We output a JSON file that looks roughly like the following:
{
"pcr_i5": 0.96239,
"pcr_i7": 0.93147,
"tagmentation_i5": 0.9806,
"tagmentation_i7": 0.95688,
"all_barcodes": 0.89864,
"total_input_reads": 100000,
"total_not_specified_in_samplesheet": 0
}
Where we note the total number of input reads, the fraction with valid barcode assignments for each portion of the combinatorial cell barcode, and the fraction with a valid overall cell barcode assignment (valid assignment for all parts; all_barcodes
).
It will also output a pair of fastq files (r1 and r2) for each sample noted in the provided samplesheet. For example, if your samplesheet includes a sample named sample_70_lung
, it would output r1.sample_70_lung.fastq.gz
and r2.sample_70_lung.fastq.gz
given the command above. These files are output uncompressed and then gzipped at the end, which we found to be faster than directly writing gzipped output at the expense of more disk usage. You could modify the script to directly write gzipped output, use alternate compression tools like pigz
, or parallelize the compression step of this script as needed.

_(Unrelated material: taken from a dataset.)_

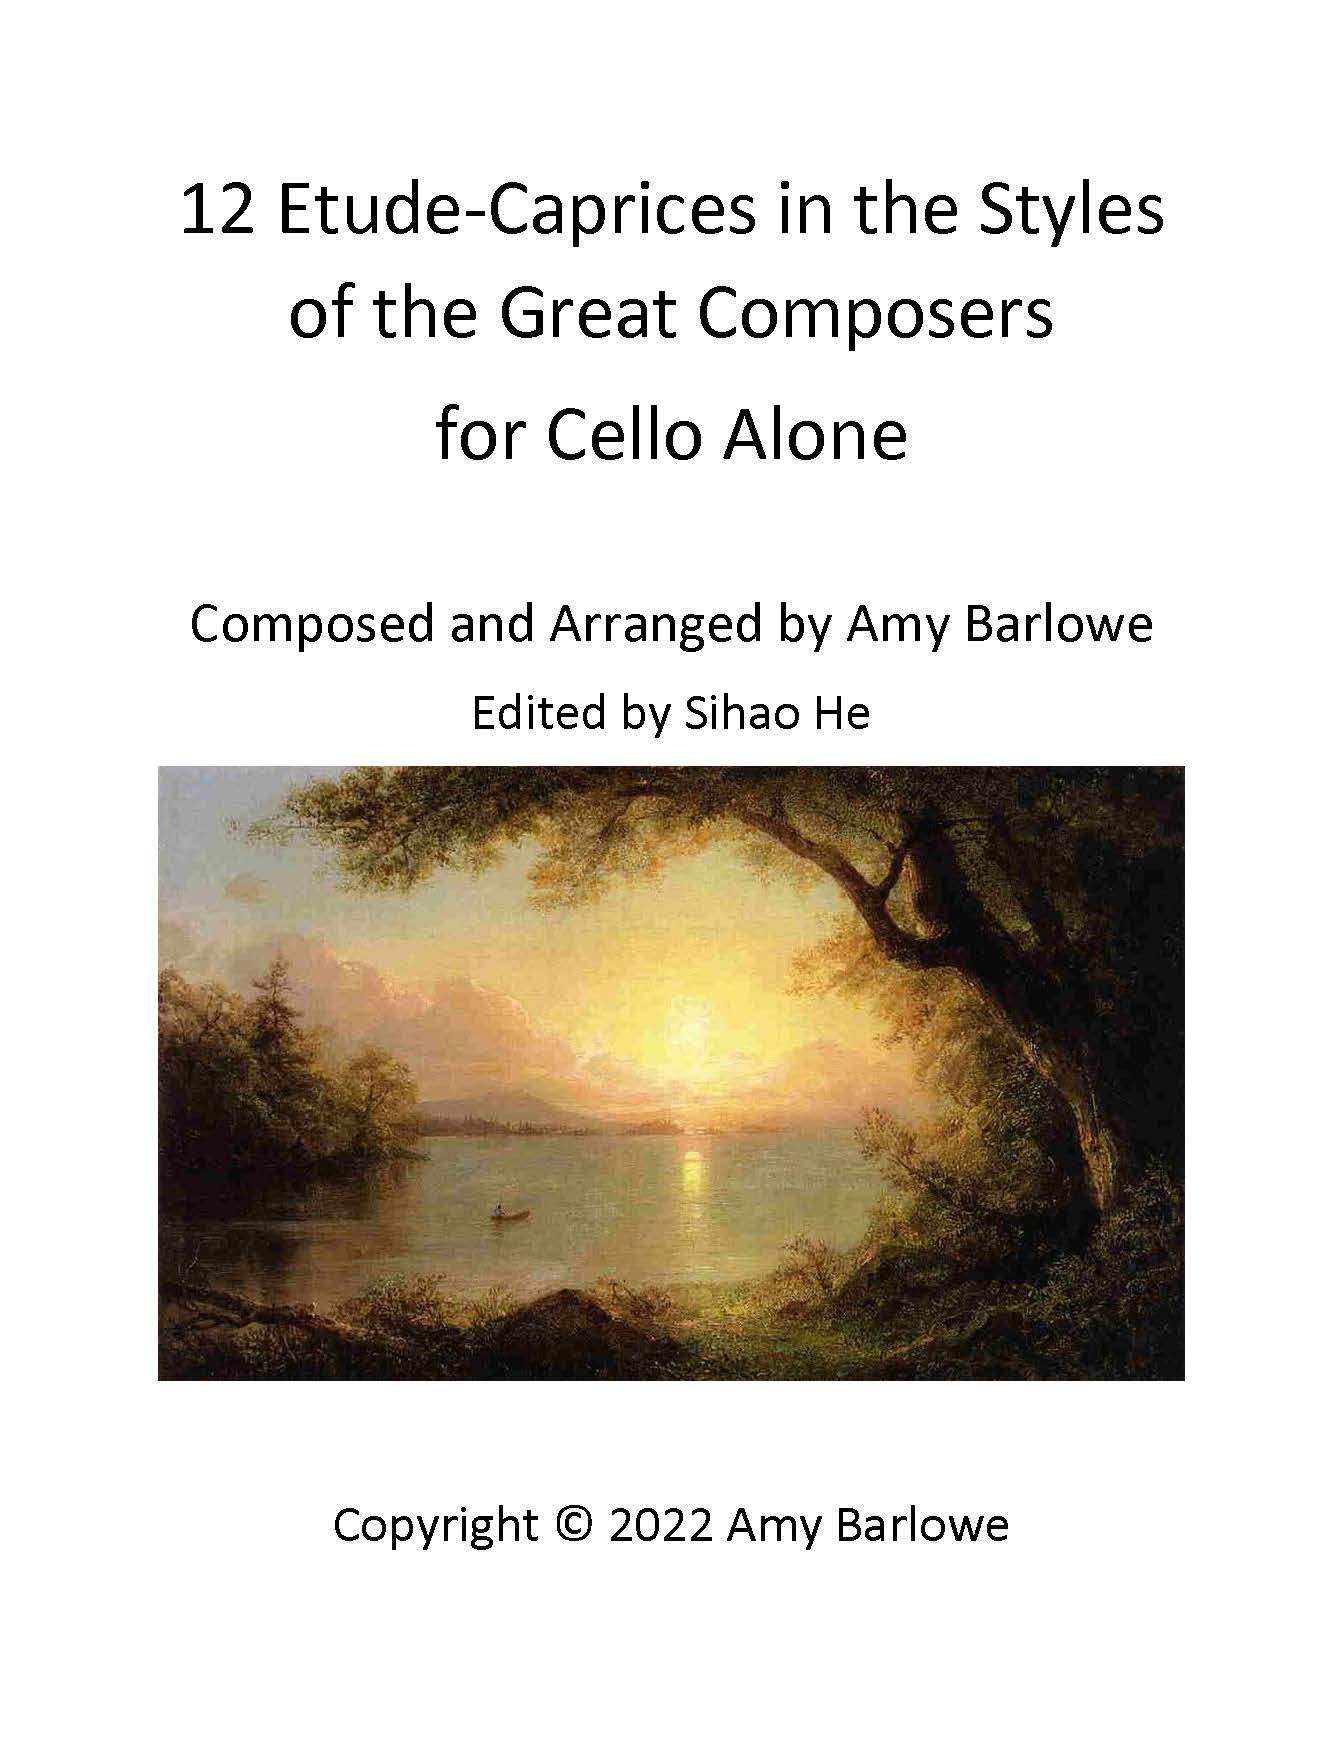 Barlowe 12 Etude-Caprices in the Styles of the Great Composers for Cello Alone

In addition, we provide small test fastqs (Undetermined_R1_for_test.fastq.gz
and Undetermined_R2_for_test.fastq.gz
) which allow you to test the demux script on a smaller subset of 100000 reads (the appropriate samplesheet for these files is provided as samplesheet_test_demux.txt
).
As mentioned above, there are already well-supported tools for processing scATAC-seq data such as SnapATAC. After demultiplexing we recommend that you utilize an available tool to generate count matrices, etc.
Tools like SnapATAC as well as Signac (which integrates very nicely with existing Seurat workflows) also now offer excellent support for downstream analysis like visualization, dimensionality reduction, clustering, annotation, etc.